■ Exercise directions ■
Each line below needs to be returned exactly. Skip any picture.

■ Stored data ■
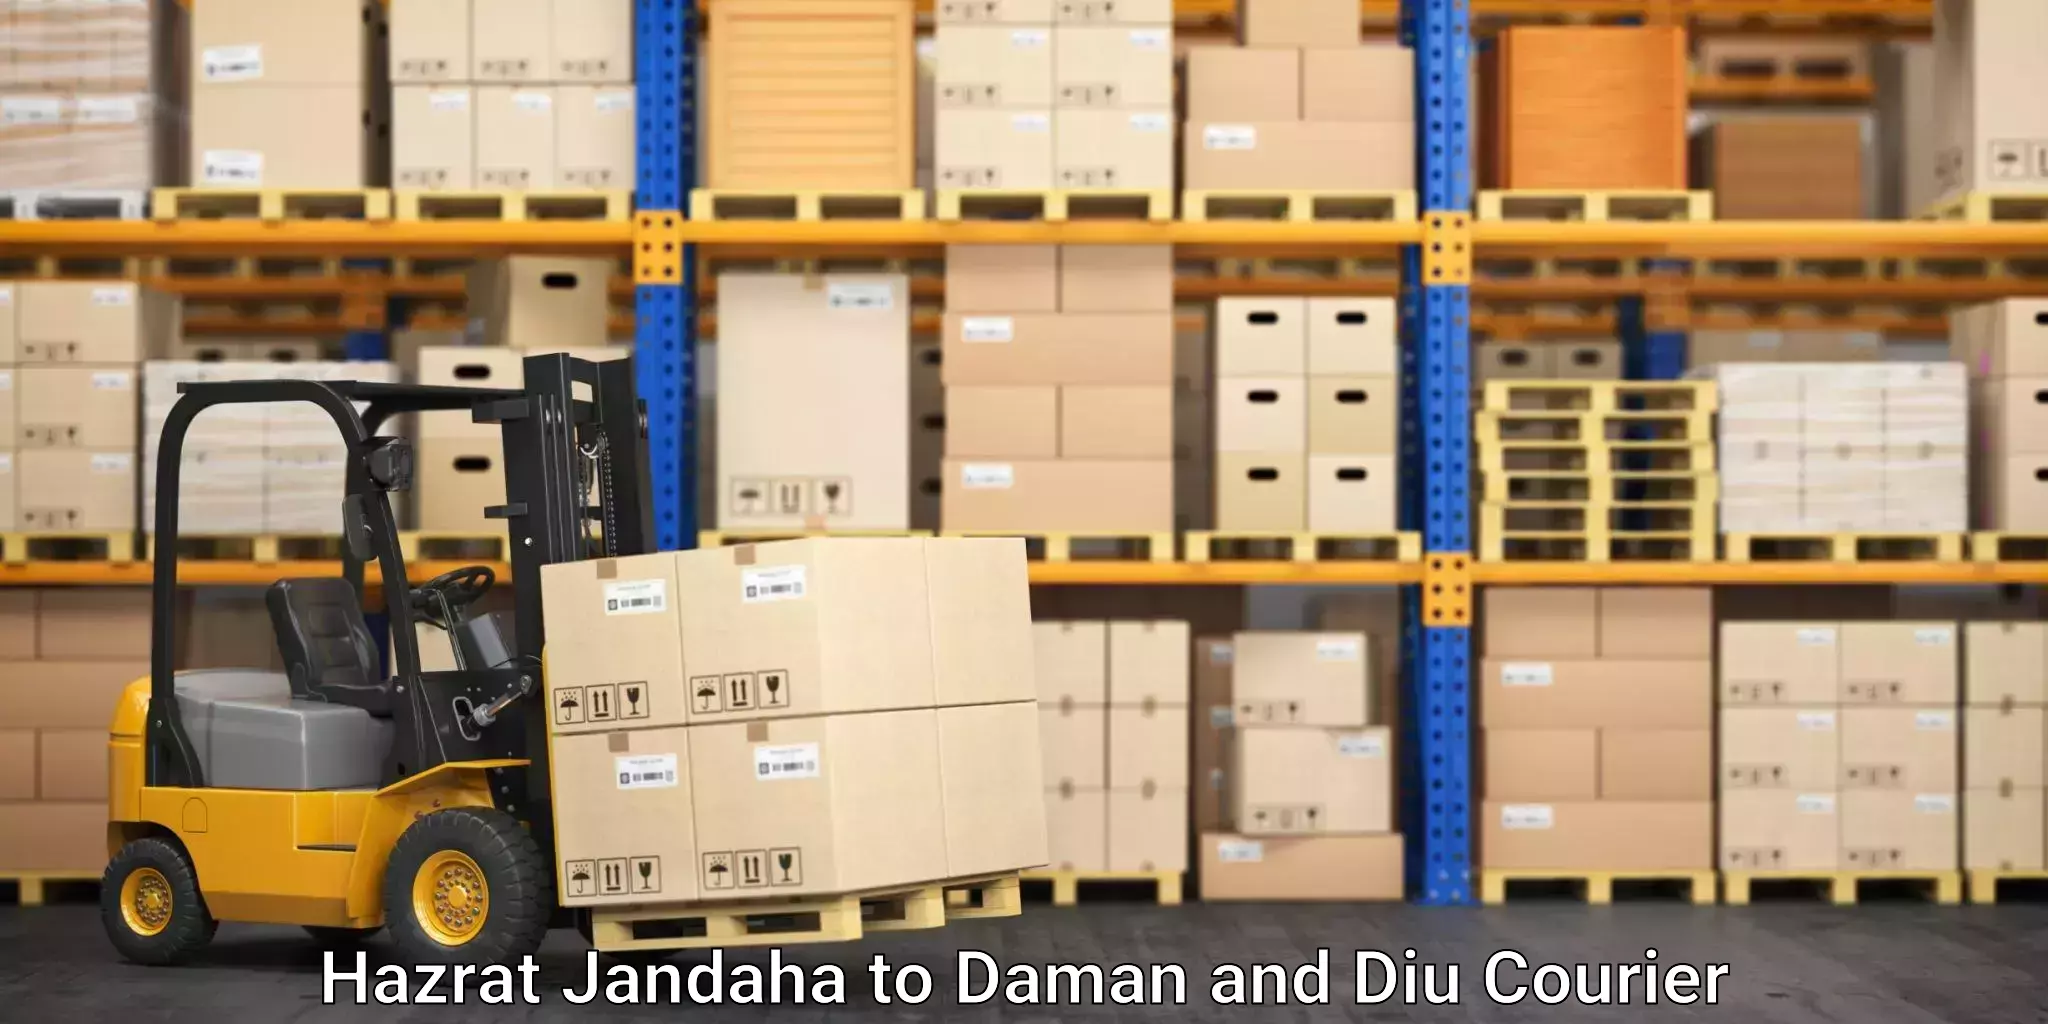 Flexible moving solutions in Hazrat Jandaha to Daman and Diu
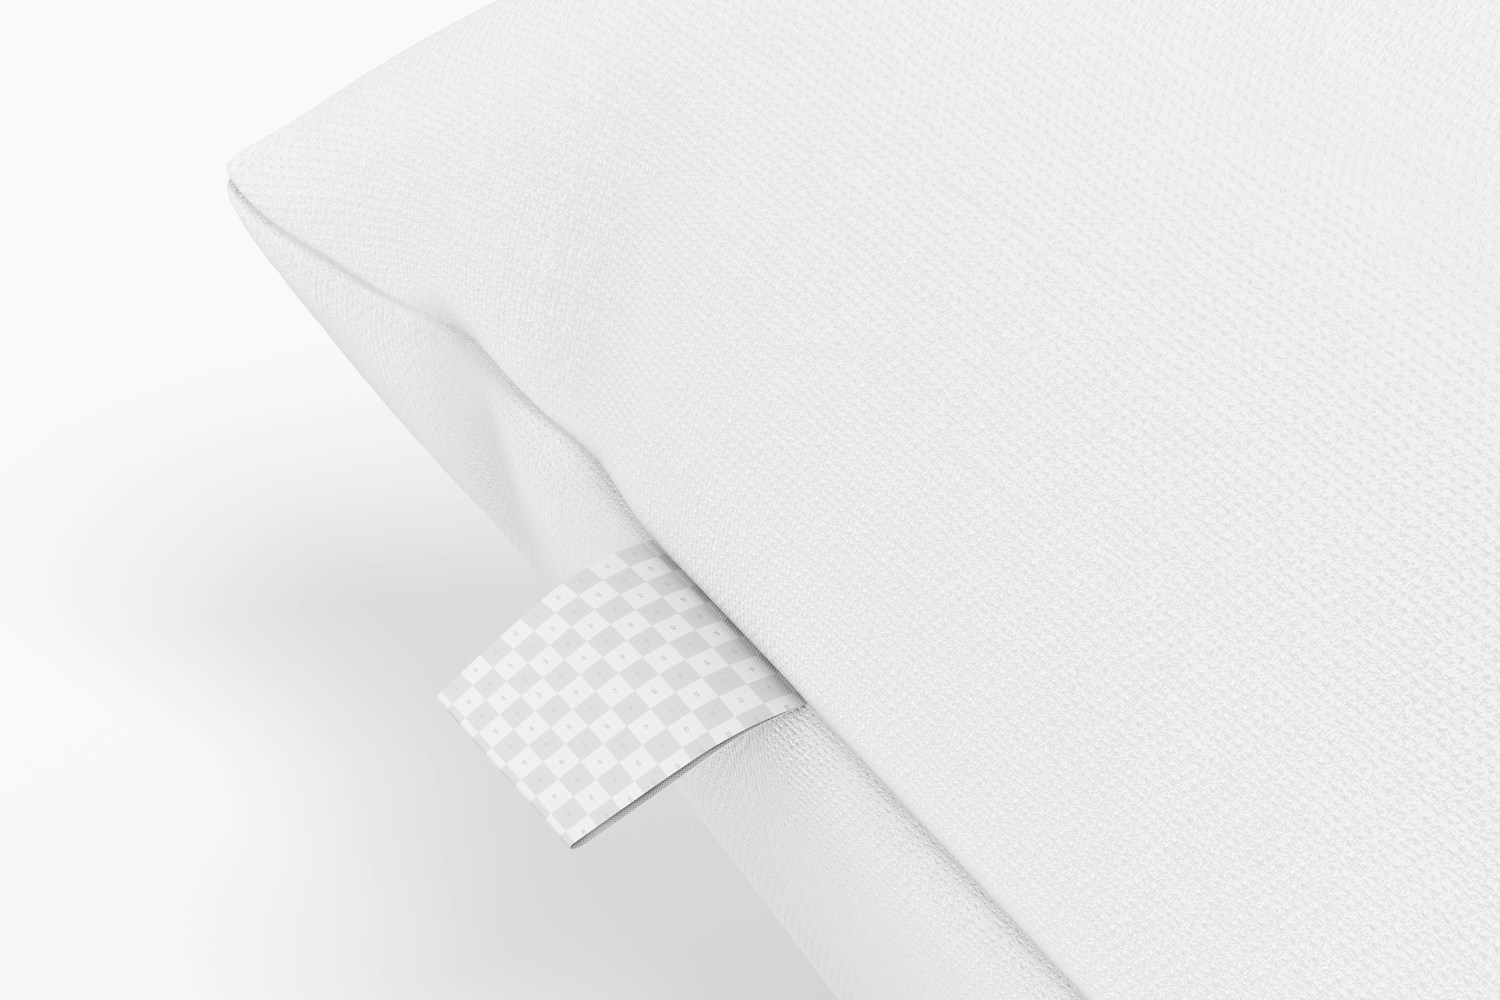 Square Clothing Tag on Pillow Mockup
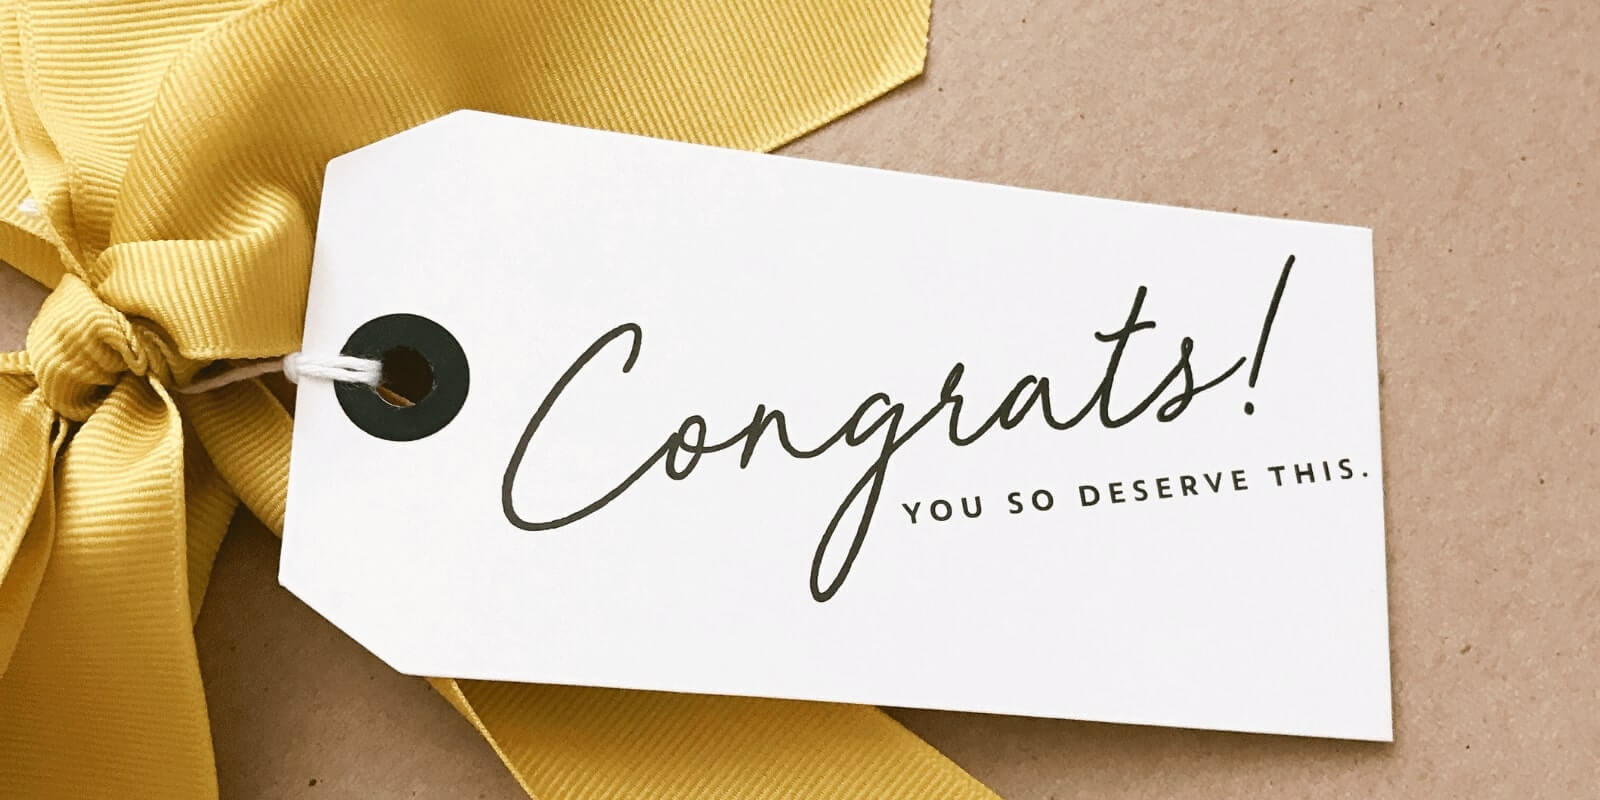 Gift box with "Congrats you so deserve this" card

■ Result of the task ■
 Flexible moving solutions in Hazrat Jandaha to Daman and Diu
 Square Clothing Tag on Pillow Mockup
 Gift box with "Congrats you so deserve this" card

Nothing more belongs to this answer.